A wireless router is a staple appliance in most households in the US. People love the convenience of wireless, and the portability of today’s devices. What many users don’t realize is that this convenience can come at a high cost to privacy. If you care about your home network privacy, we strongly recommend looking into VPN router options such as the  Netgear R7000 or Asus RT-AC56U.

In 2008, Wifi Protected Setup (WPS) was introduced. WPS was designed to allow for easy setup and connection by allowing a button on the router to push login information to a device. This meant administrators didn’t have to remember passwords. While good in theory, WPS is a security nightmare and puts your network at risk.

Many security experts have demonstrated the weaknesses in WPS that allow the passphrase to be revealed, and just  how easy it could be to crack the password. 

The reality is that even low level hackers can force a WPS connection without physical access to the router. These hackers can even change the password to the network, effectively locking administrators out of their networks.

Ouch! You might not post your wifi password publicly, but your router is! Clearly this represents a security risk. Your router is handing over the keys to your network to anyone with the skills and knowledge to request access.

Firmware

Even if you were lucky or informed enough not to buy a WPS enabled router, that doesn’t mean you are in the clear. Remember when we said that the router is a staple appliance in most homes?

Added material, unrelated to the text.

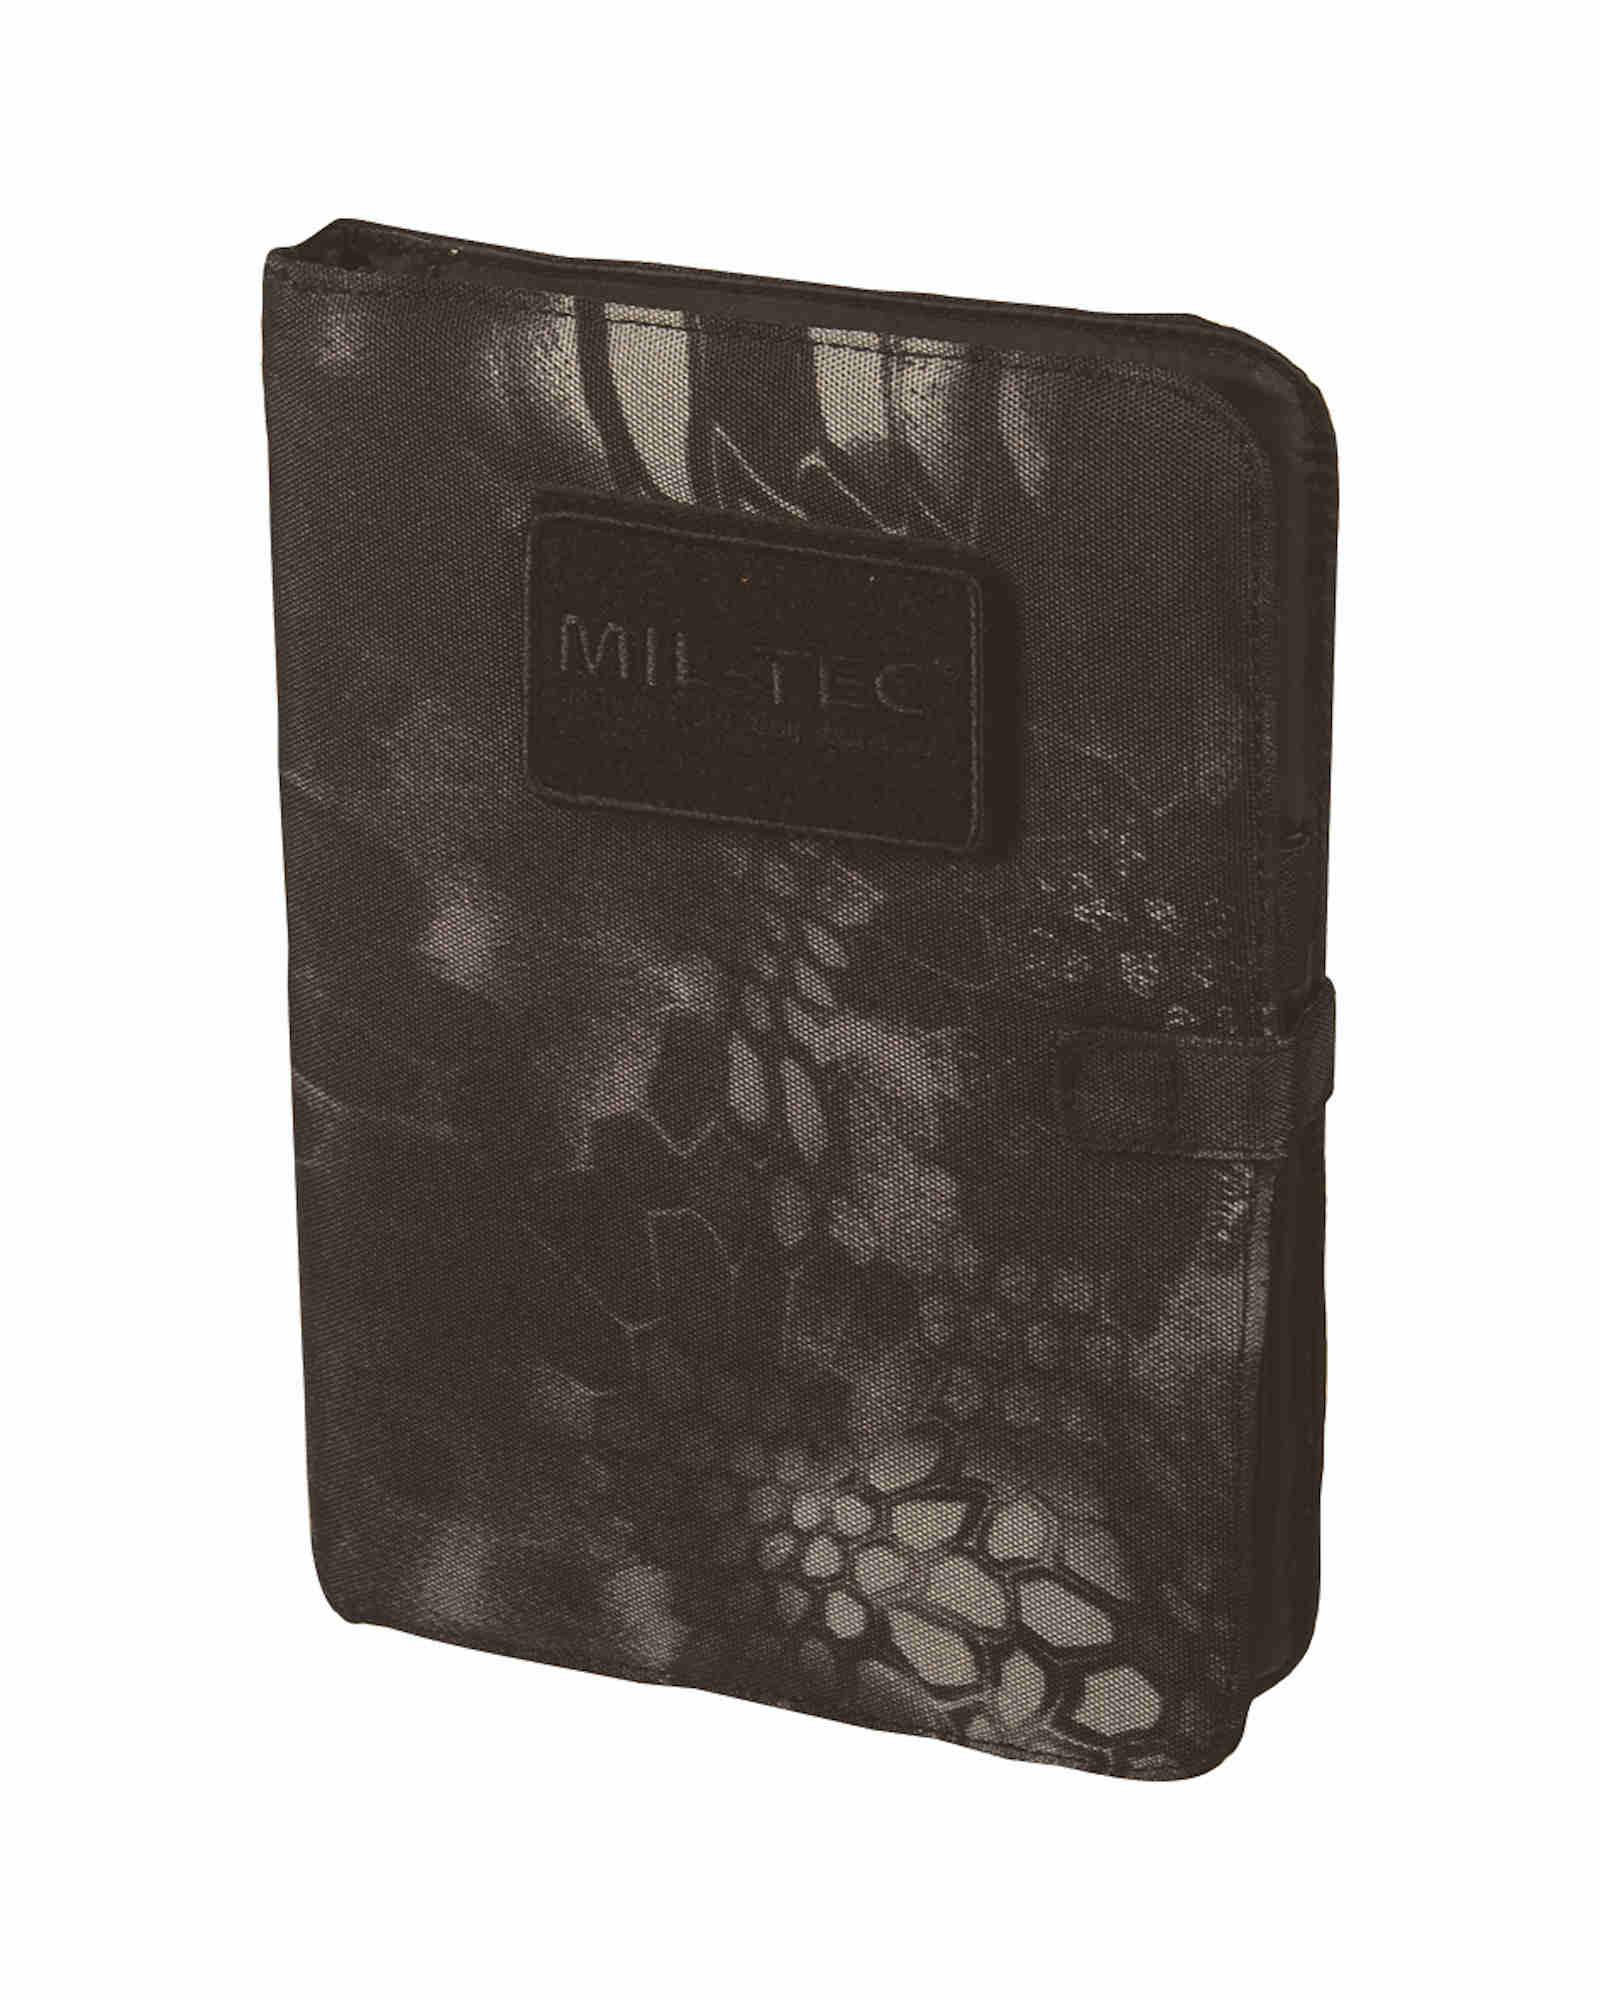 Mil-tec Tactical Notebook Medium Mandra Night Notizbuch Herren-accessoires

The problem with appliances, is that we take them for granted. Most people only think of their wireless router when they need to connect online or can't connect. This is the case with utility appliances - we remember to change the lightbulb over the stove when we try to turn it on. Out of sight, out of mind.

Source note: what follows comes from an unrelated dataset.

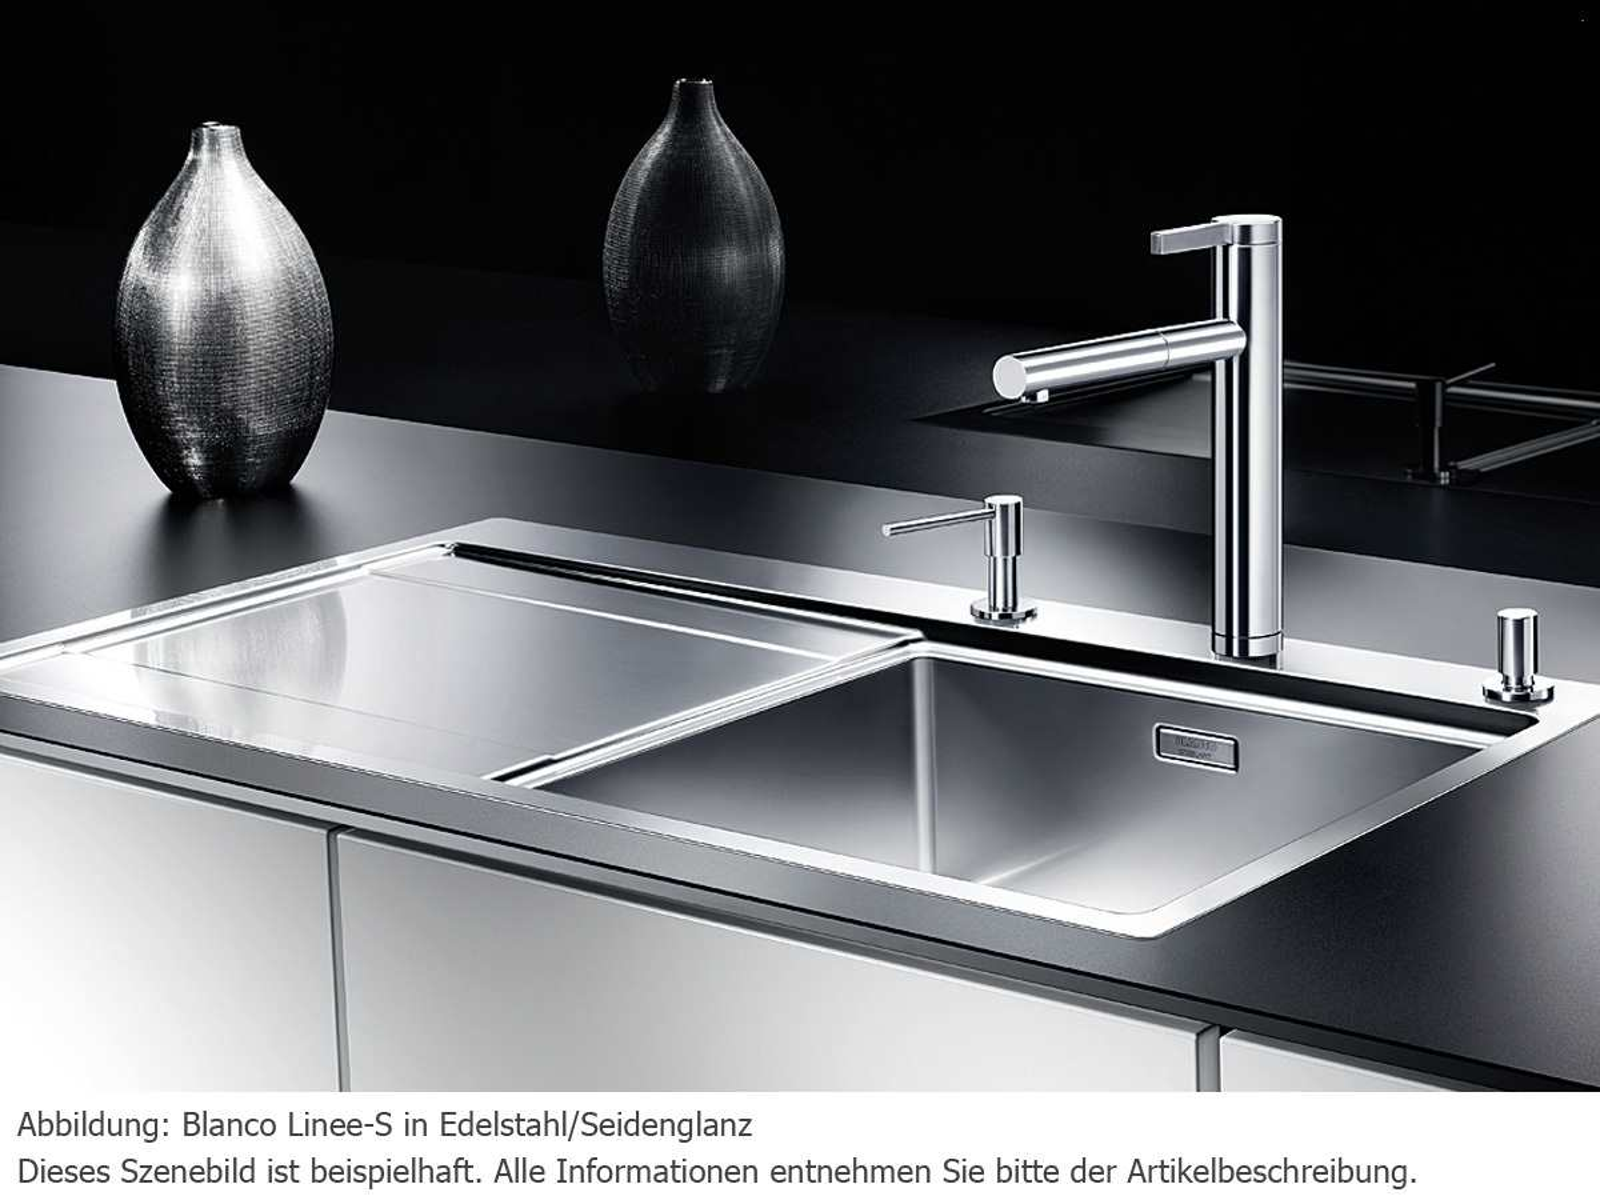 Blanco Linee-S Edelstahl Hochdruckarmatur

The fact is, a router shouldn’t be a set-it-and-forget-it appliance. We might not need to do a security update on our toaster, but we sure do them on our computers.

A  2014 Consumer report from Tripwire found that 59% of people surveyed didn't have up to date firmware on their routers, and 68% of people didn't know how to update the firmware.

When was the last time you ran a security update on your router?

Usually, the answer is never. Unlike your laptop or desktop that can be set for automatic updates, routers require you to log in, check a website for firmware updates, and manually install the update. As a result, routers almost never get updated from the stock firmware they came with, which is the online privacy equivalent of using a padlock you got in a Christmas cracker to lock your garage. 

Until router manufacturers allow for push updates, this problem won’t get fixed. 

Our solution? 

Just like you have a reminder to check your smoke detector batteries, put a note in your calendar or a reminder on your phone to run a firmware update on your router a few times per year.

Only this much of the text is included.